Frontespizio originale dell’opera di Giacomo Leopardi sull’Astronomia.


Pagina autografa di Leopardi con alcuni Appunti «Da porsi nell’ultimo Capo»


Dettaglio della figura precedente con la descrizione della «Luna sua atmosfera»

Veniamo inoltre a sapere che Leopardi visse nel periodo più freddo dell’Ottocento, «forse il più freddo – secondo gli studiosi – della Piccola era glaciale». E il clima rigido, come si deduce dalle sue lettere, e anche il caldo eccessivo ebbero un peso sulle condizioni fisiche e psicologiche del poeta; così la ricerca di un clima mite fu la ragione, almeno nelle confessioni dirette, di diversi suoi trasferimenti nelle varie città italiane in cui visse, mentre l’averlo trovato fu spesso determinante per la sua serenità e creatività – come avvenne con il clima mite di Pisa, in quella stagione felice dell’anno 1828 che diede origine ai «grandi idilli», o canti pisano-recanatesi. Ma, come dimostra Morici, il problema non era solo del poeta, se le lamentele sul freddo sono una costante anche nelle lettere dei corrispondenti, del padre, del Brighenti, dell’amico Puccinotti.
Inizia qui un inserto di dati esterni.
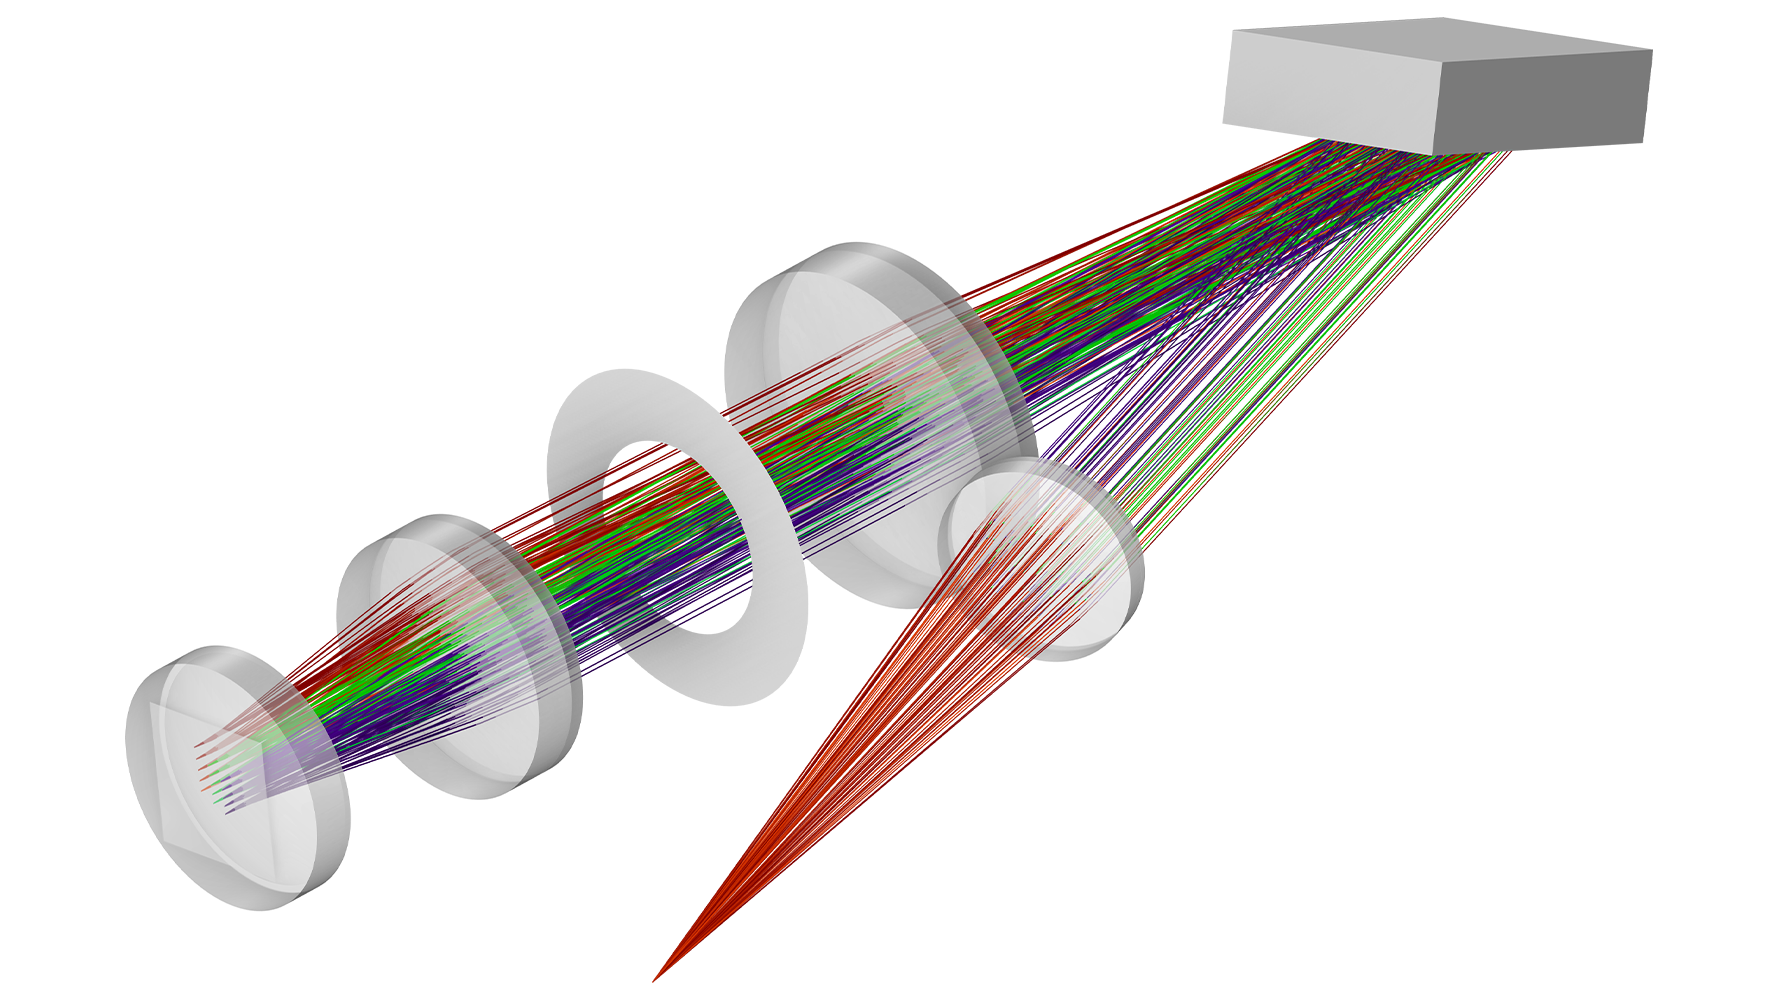 A spectrograph model showing the ray diagram in red, green, and blue.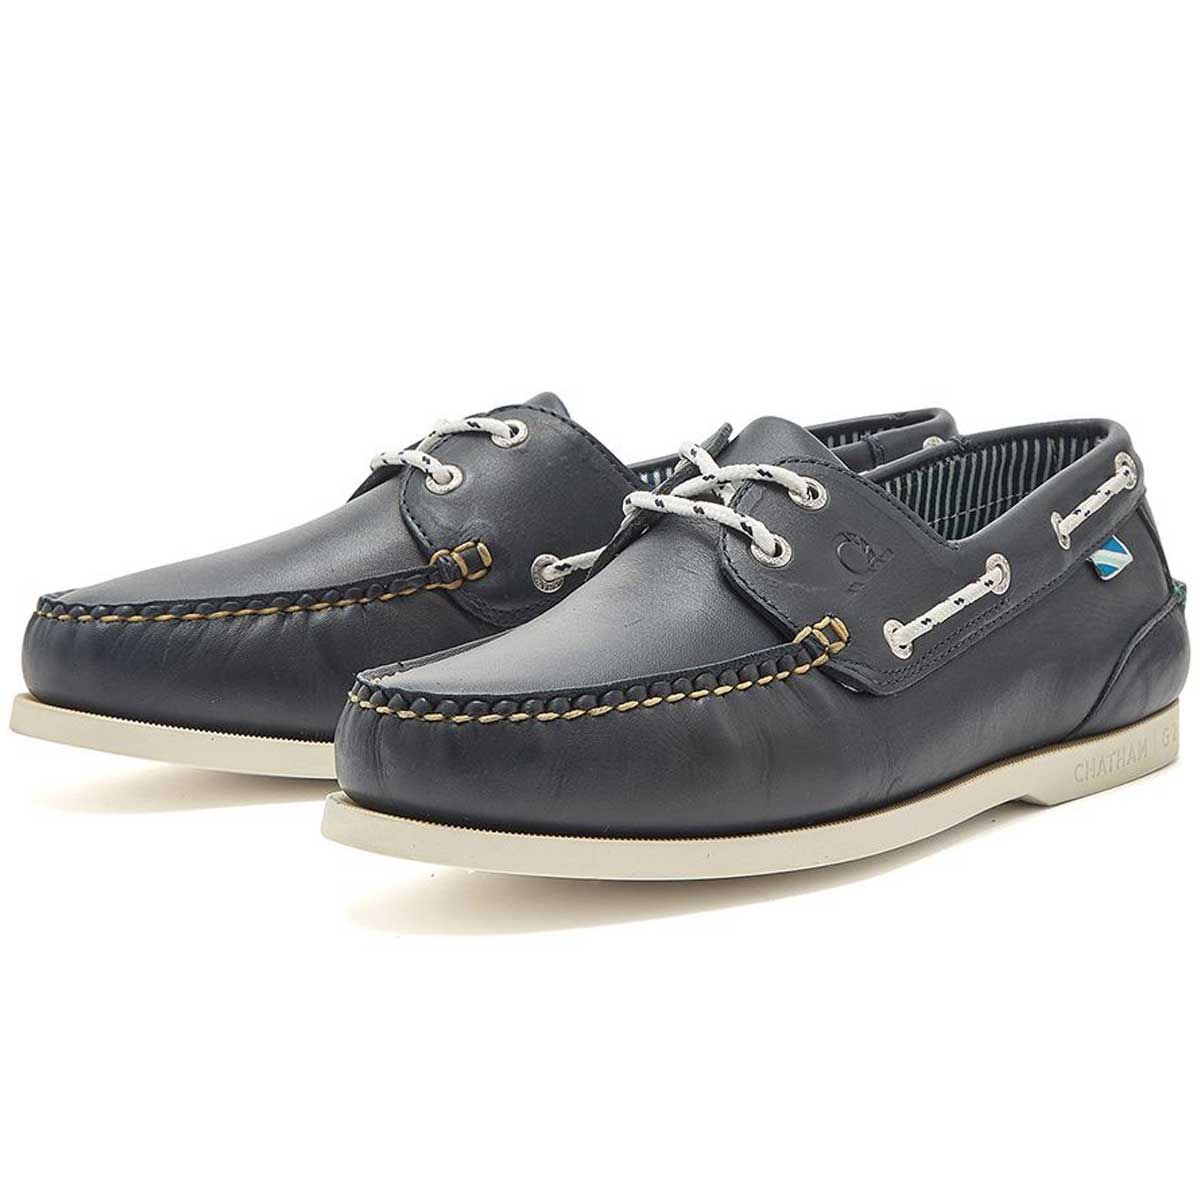 CHATHAM Crew G2 Premium Leather Boat Shoes - Men's - Navy

La Luna che illumina la notte del colle. Olio su tela di Giovanni Schiaroli

Ogni esperienza, comunque, in Leopardi diventa anche oggetto di riflessione, di analisi scientifica e antropologica: così nelle pagine dello Zibaldone, anch’esse prese in esame da Morici, Leopardi dedica al clima una serie di note, fra le quali di particolare interesse risultano quelle che verificano l’indole dei popoli e degli individui in relazione alle condizioni climatiche in cui si trovano a vivere: così il clima temperato e l’armonia della natura rendono più «pieghevole» e suscettibile di diverse impressioni, meno rigido dunque, il carattere dei Meridionali; così il freddo conferisce all’uomo più forza di agire e minore voglia di farlo, al contrario il caldo rende desiderosi di agire e inquieti gli animi, ma ne indebolisce l’energia; così, ancora, l’aria sottile rende gli uomini più svegli e furbi, come peraltro si può riconoscere nei marchigiani. 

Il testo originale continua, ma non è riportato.